→ **EXERCISE GOAL**
The reply should match the listing below character for character, except that no image is carried over.

→ **RECORDED INFORMATION**

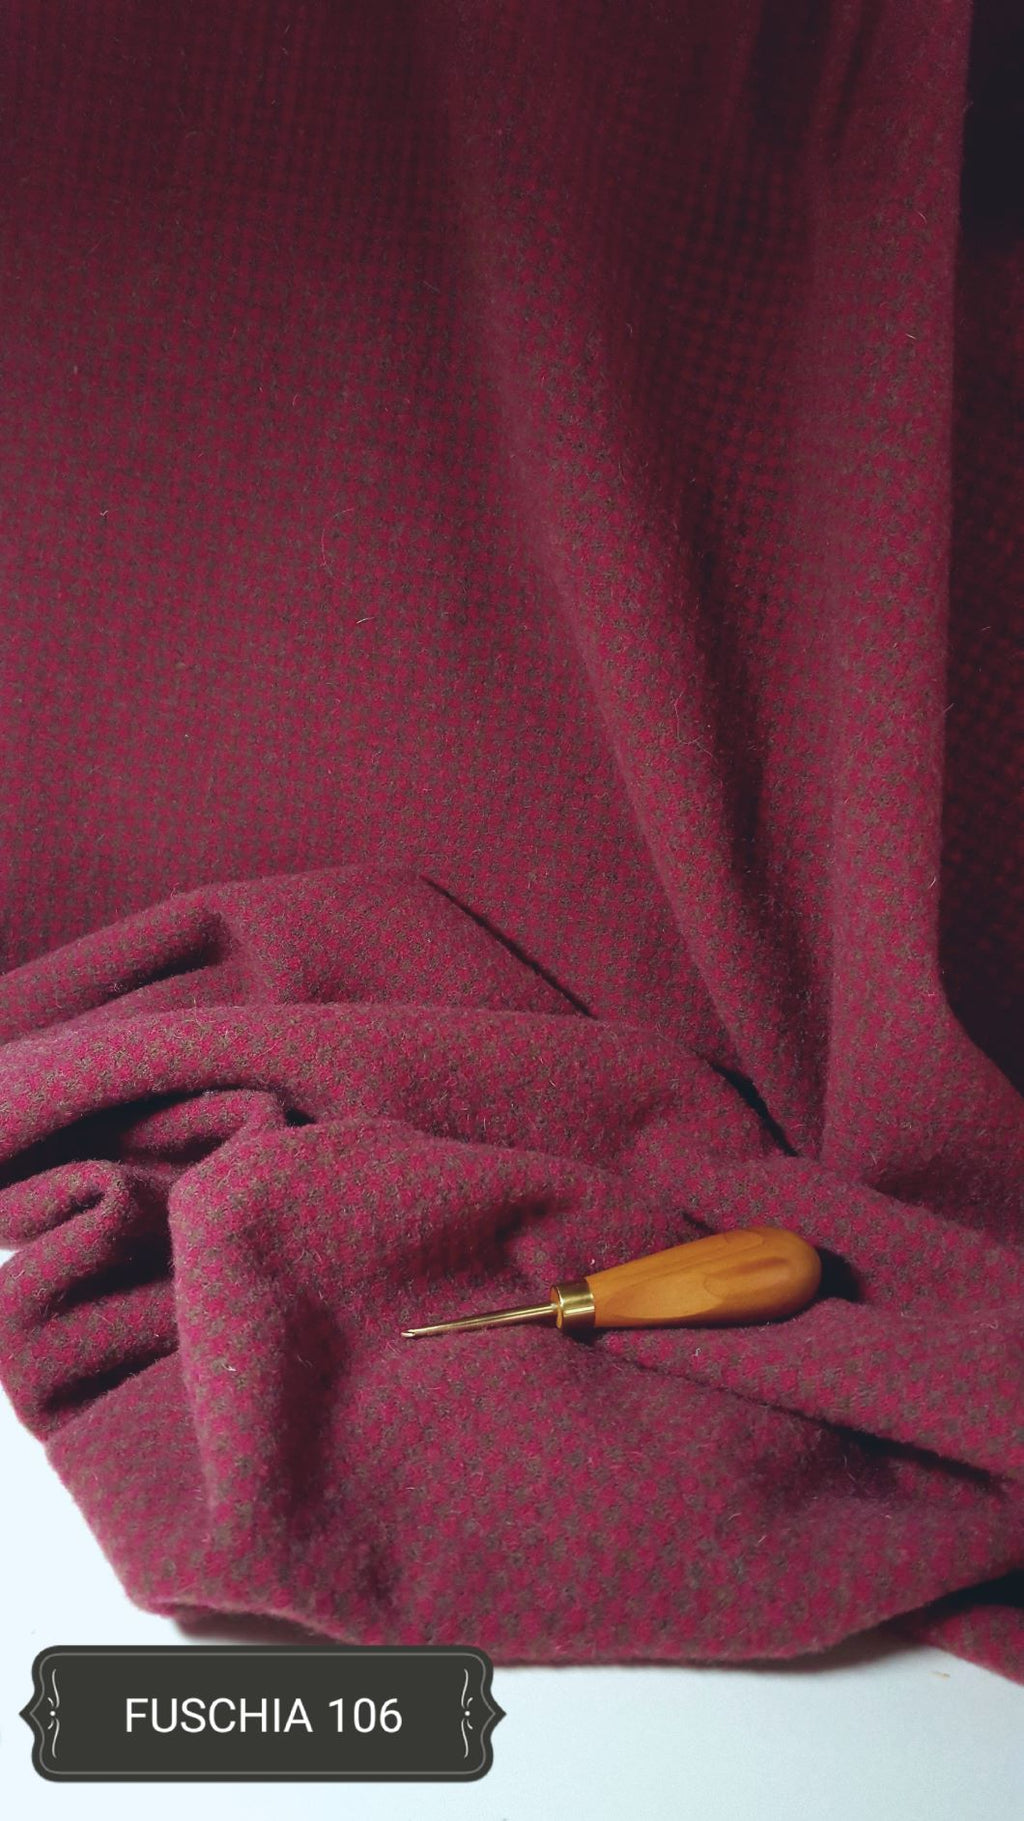 Fuschia #106 - Ready to use Wool Fabric for Rug Hooking or Wool Applique
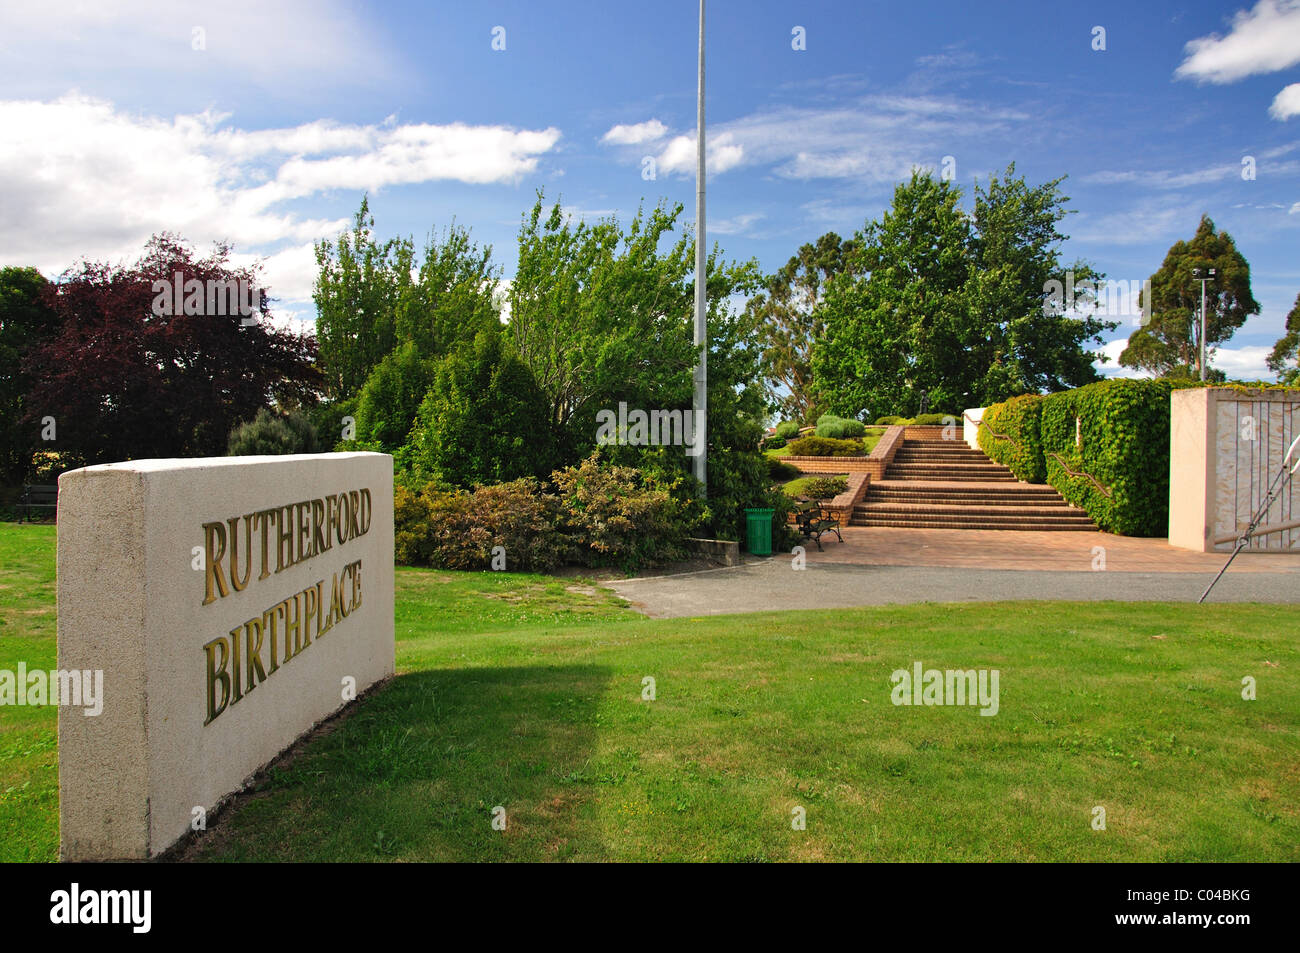 Ernest Rutherford (New Zealand physicist) Birthplace Memorial, Brightwater, near Nelson, Tasman Region, South Island, New Zealand Stock Photo
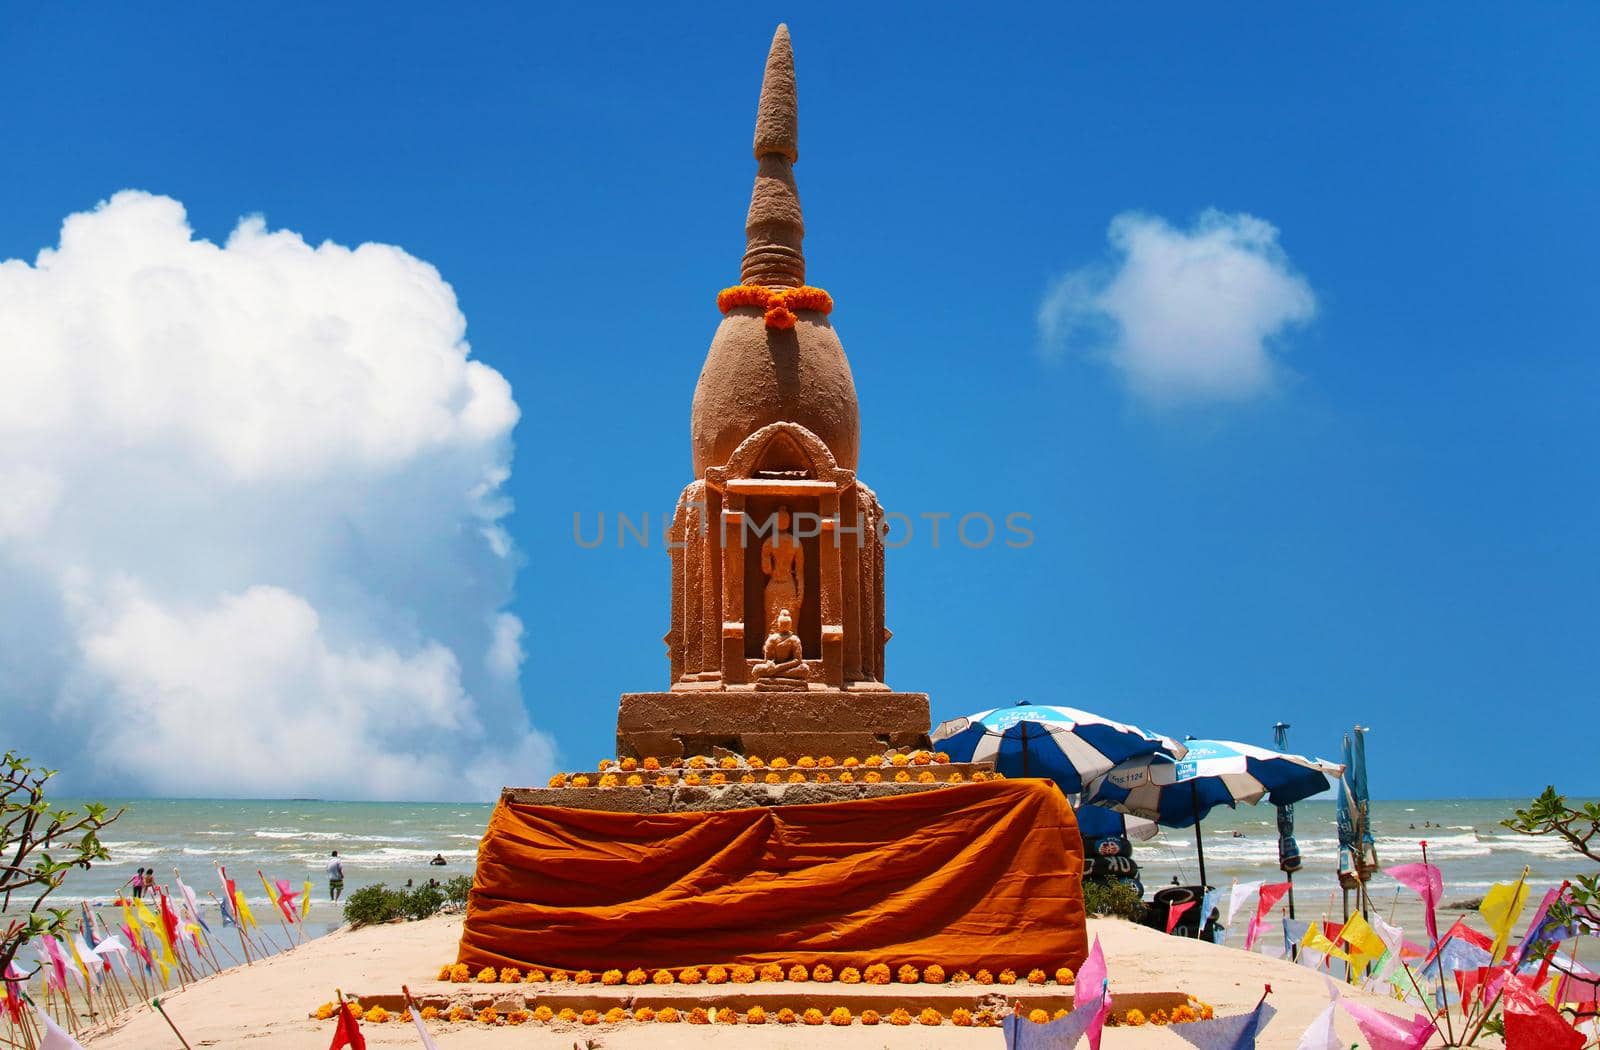 Lord buddha stand style sand pagoda was carefully built, and beautifully decorated in Songkran festival by Darkfox

→ **EXERCISE RESPONSE**
 Fuschia #106 - Ready to use Wool Fabric for Rug Hooking or Wool Applique
 Ernest Rutherford (New Zealand physicist) Birthplace Memorial, Brightwater, near Nelson, Tasman Region, South Island, New Zealand Stock Photo
 Lord buddha stand style sand pagoda was carefully built, and beautifully decorated in Songkran festival by Darkfox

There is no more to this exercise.